Technically (and this distinction is important), the Globe site was returning readers TO the page of the article.  Gatehouse complained that readers were bypassing the ads on the home page.  This is interesting.

Intuitively, one would think that a large number of readers who were returned to the Gatehouse site (albeit at a subsidiary page) would in fact go to the gatehouse homepage.  But no, Gatehouse wanted more (rightly or wrongly).  It also turns out that Gatehouse could figure out how to block this process, which probably led to theNYT offering to settle–so as to avoid case law that goes against them.

So what?

Sites regularly scrape or otherwise link to other sites–usually to the subsidiary pages.  We get a lot of people asking of us if they can do it.  Well, this case—though settled and therefore not an opinion for purposes of precedent–suggests (to no one\’s surprise) that doing so will subject you to legal challenge that will cost a lot to defend.

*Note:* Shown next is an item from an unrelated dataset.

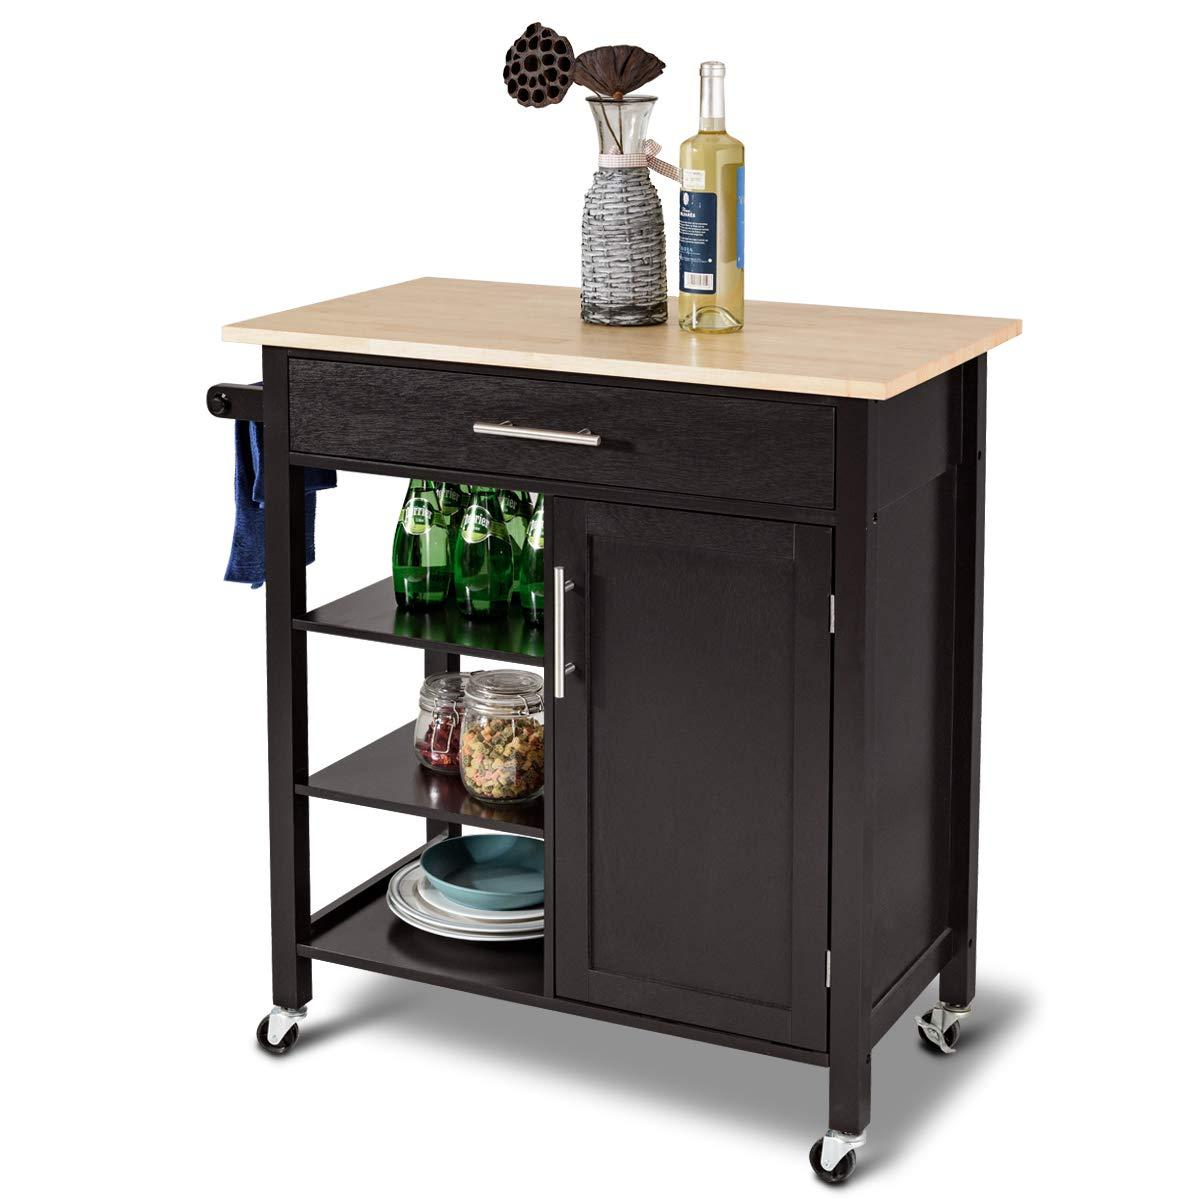 Giantex Kitchen Trolley Cart w/Wheels Rolling Storage Cabinet Wooden Table Multi-Function Island Cart Kitchen Truck (Brown)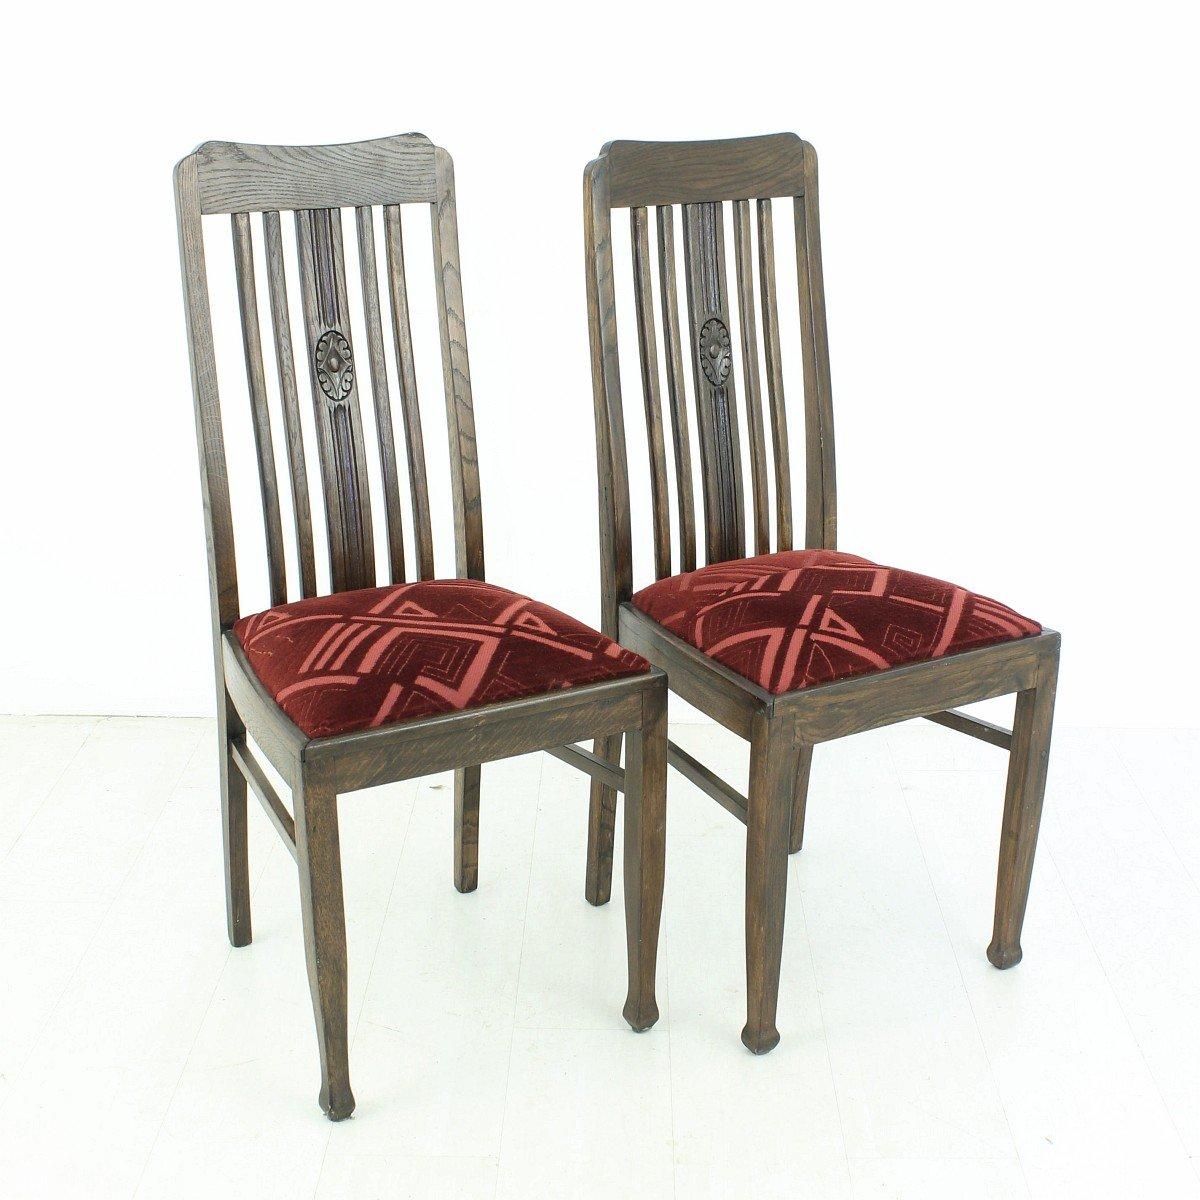 vintage wooden dining chairs hanging papasan chair diy oak 1920s set of 2 for sale at pamono 7 price 310 00 regular 405

It makes sense, too.  Again, no opinion as to whether it is right or wrong, legal or not, but common sense should tell us that people who own the rights and go to the trouble of posting content where they want it posted should be able to control access to it.

Of course, Google is another matter.

And, by the way, there is already case law in Europe iin support of Gatehouse\’s position, so where it is done will also make a difference.